# Need small order of 2-3 sheets of plastisol transfers. Who to use?



## Rhondalea (Jul 29, 2008)

I have a customer who wants 3 left chest logos on each of the 4-5 scrubs uniforms (left chest, base of neck, and left thigh). There is a possibility of more uniforms but I don't foresee a huge order....maybe another 10 at the most...in the future. I am picking up more orders with them but this is a little one that is a big deal. They want them screen printed. Although I have a screen printer, I am wondering if it would be more beneficial to order a sheet of plastisol transfers and just have them on hand. Any thoughts from anyone? They are wanting a price ASAP. I'm kind of stuck on this one. Are there vendors who don't charge an arm and a leg for low quantities or for gang sheets (Id set it up myself) for the plastisol transfers? Looking for some seasoned advice! Thanks all!


----------



## binki (Jul 16, 2006)

If is to small an order.fk be cost effective with screen printing and 3 locations at that for 5 garments. 
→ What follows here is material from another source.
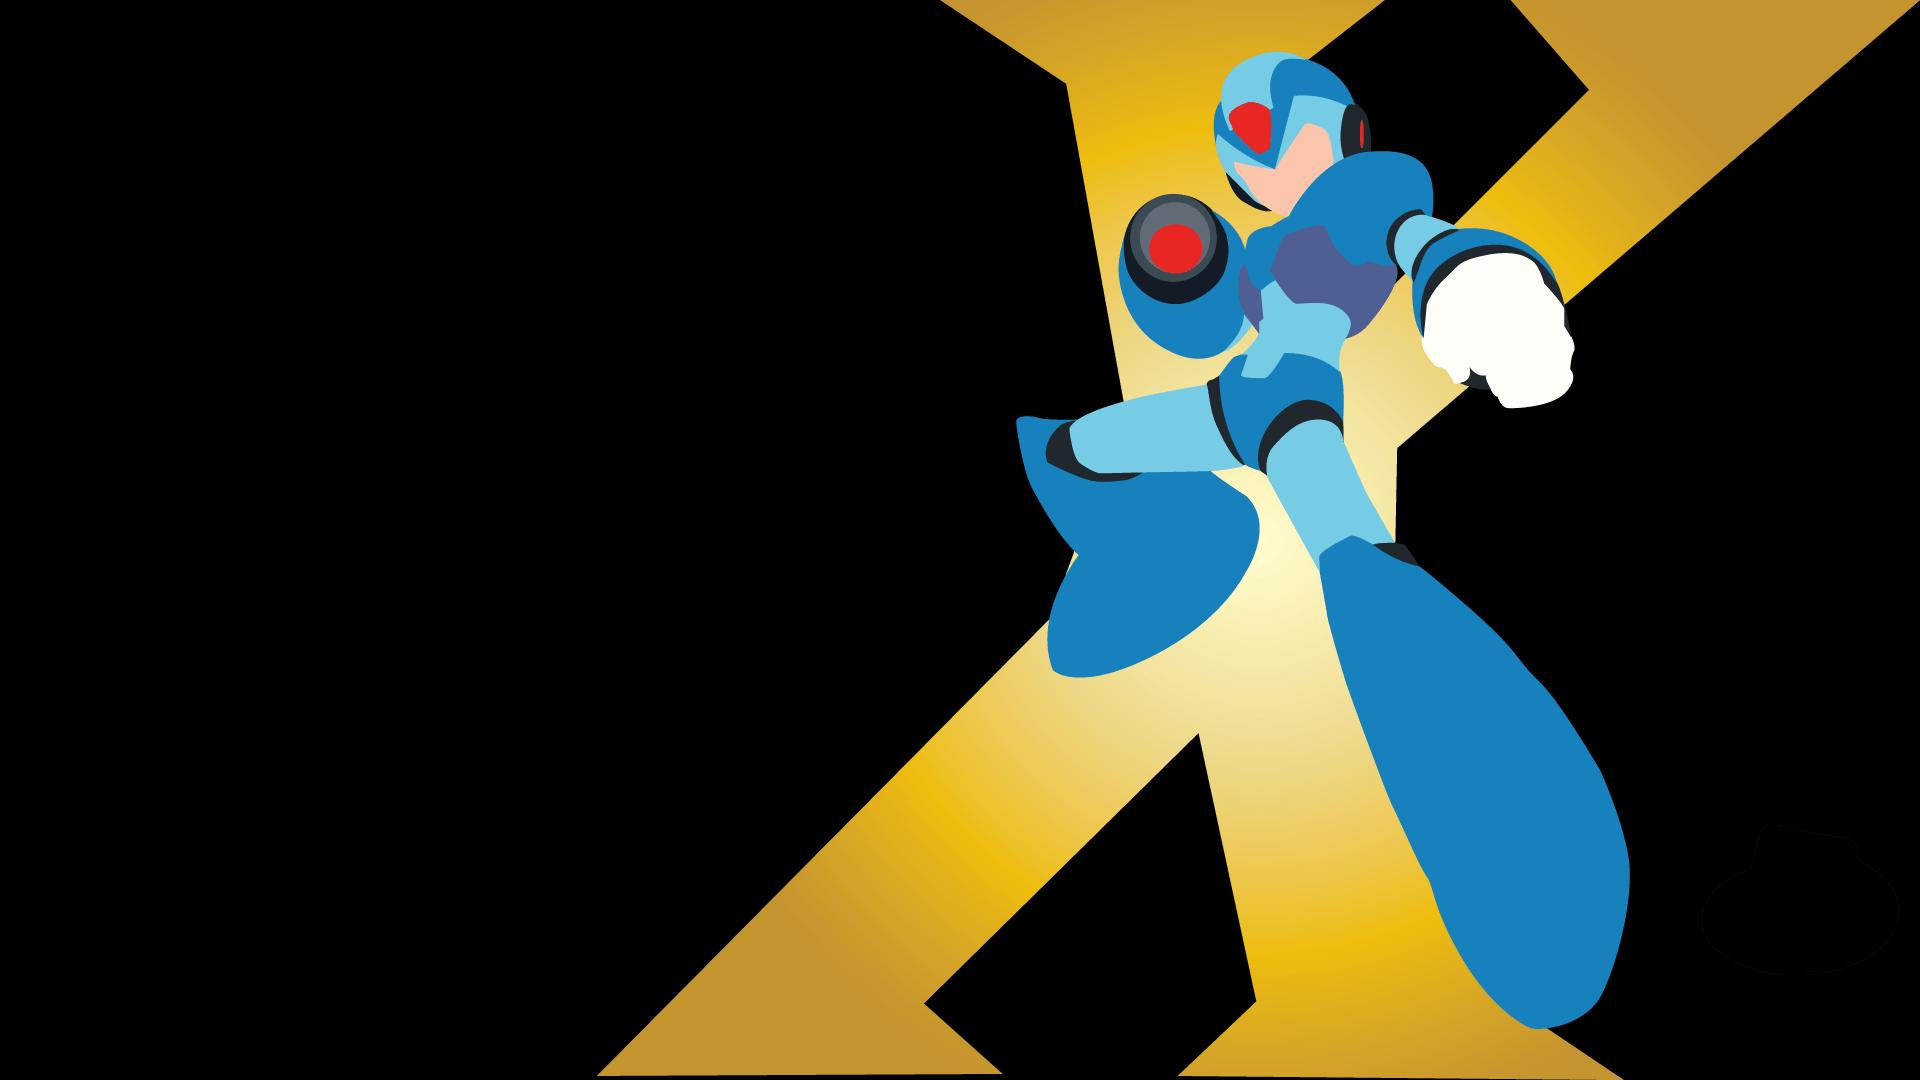 Megaman X Wallpapers

I would pass.on it. It is a money loser


----------



## djque (Feb 5, 2013)

what does the design look like. could you maybe get it cut. 

how many colors is the logo


----------



## Rhondalea (Jul 29, 2008)

Thanks for responding, Binki. I appreciate that. Que, I've talked the customer into vinyl so I can do that pretty easily. They are happy and thankful I was able to work out something for such a small order. Like I said, I am getting my foot in the door. This will be huge, even though it's a very small order. Sometimes you have to take those baby orders in order to get to Mama! Thanks again to both of you.


----------